The unit had been scheduled to go offline for refueling and routine maintenance starting in February. Eskom says it expects the unit to “be operational again during May 2021.”
Koeberg supplies stable and predictable baseline power generation of just over 1.8GW, which was cut in half after 6pm Sunday night when the unit went offline (yellow in chart below). Worrying is the fact that it now has to replace the deficit of around 900MW, especially during the peak of the night.
It continues to use pumped storage schemes, designed for peak periods, for base load power generation. On Sunday, for example, it used them to generate between 500MW and 1.8GW throughout the day. Once Koeberg 1 was removed from the grid, their use peaked at 2,071MW (at 7pm). Pumped storage schemes are net energy consumers in the sense that they use more electricity to operate than each unit of energy they produce. This is what makes them so effective peak plants: The “surplus” energy is used to pump water uphill at night when demand is low.

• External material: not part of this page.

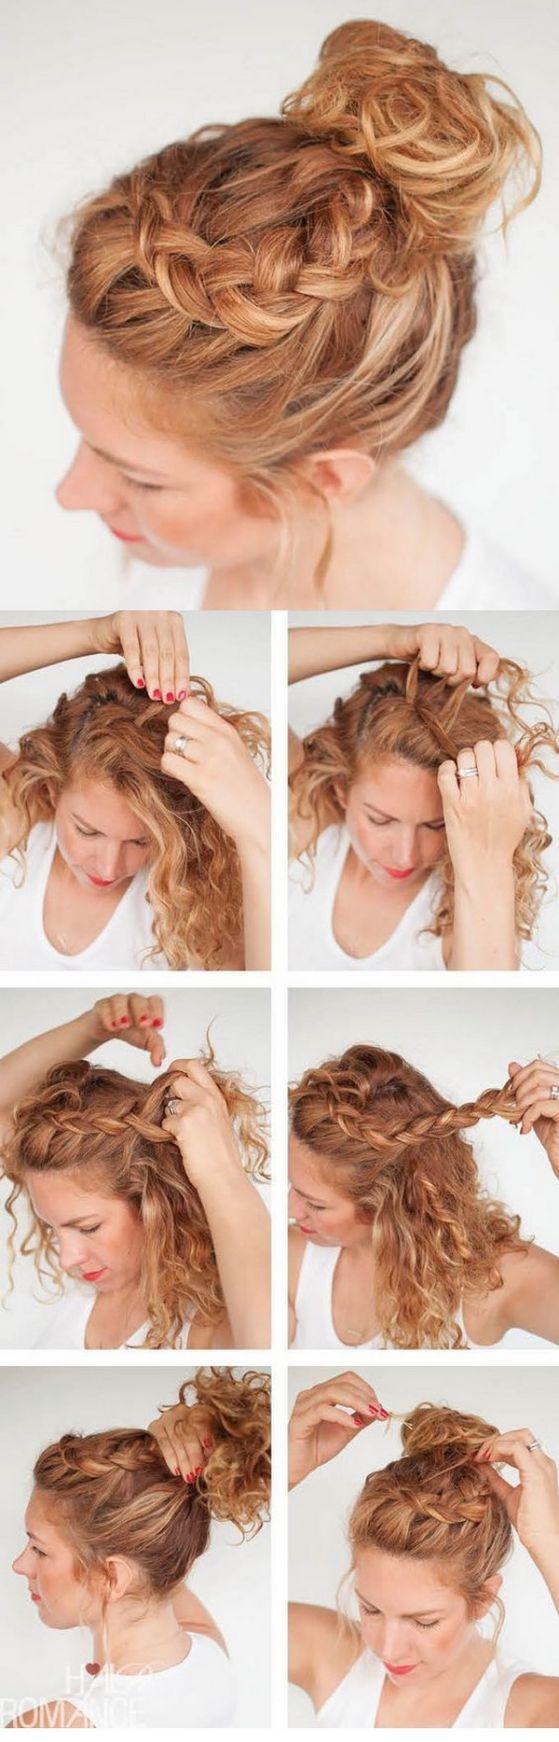 peinados fÁciles y rápidos paso a paso modelos hair style

Last week, historically the lowest demand period of the year (lockdown level 5, excluded), the utility was forced to implement stage 2 load shedding overnight. He said this was to “preserve his emergency generation reserves.” From its publicly available control panels, it is clear that Eskom simply did not have enough free space at night to use base load power to replenish its pumped storage schemes (which it was using to increase base load power to throughout the day).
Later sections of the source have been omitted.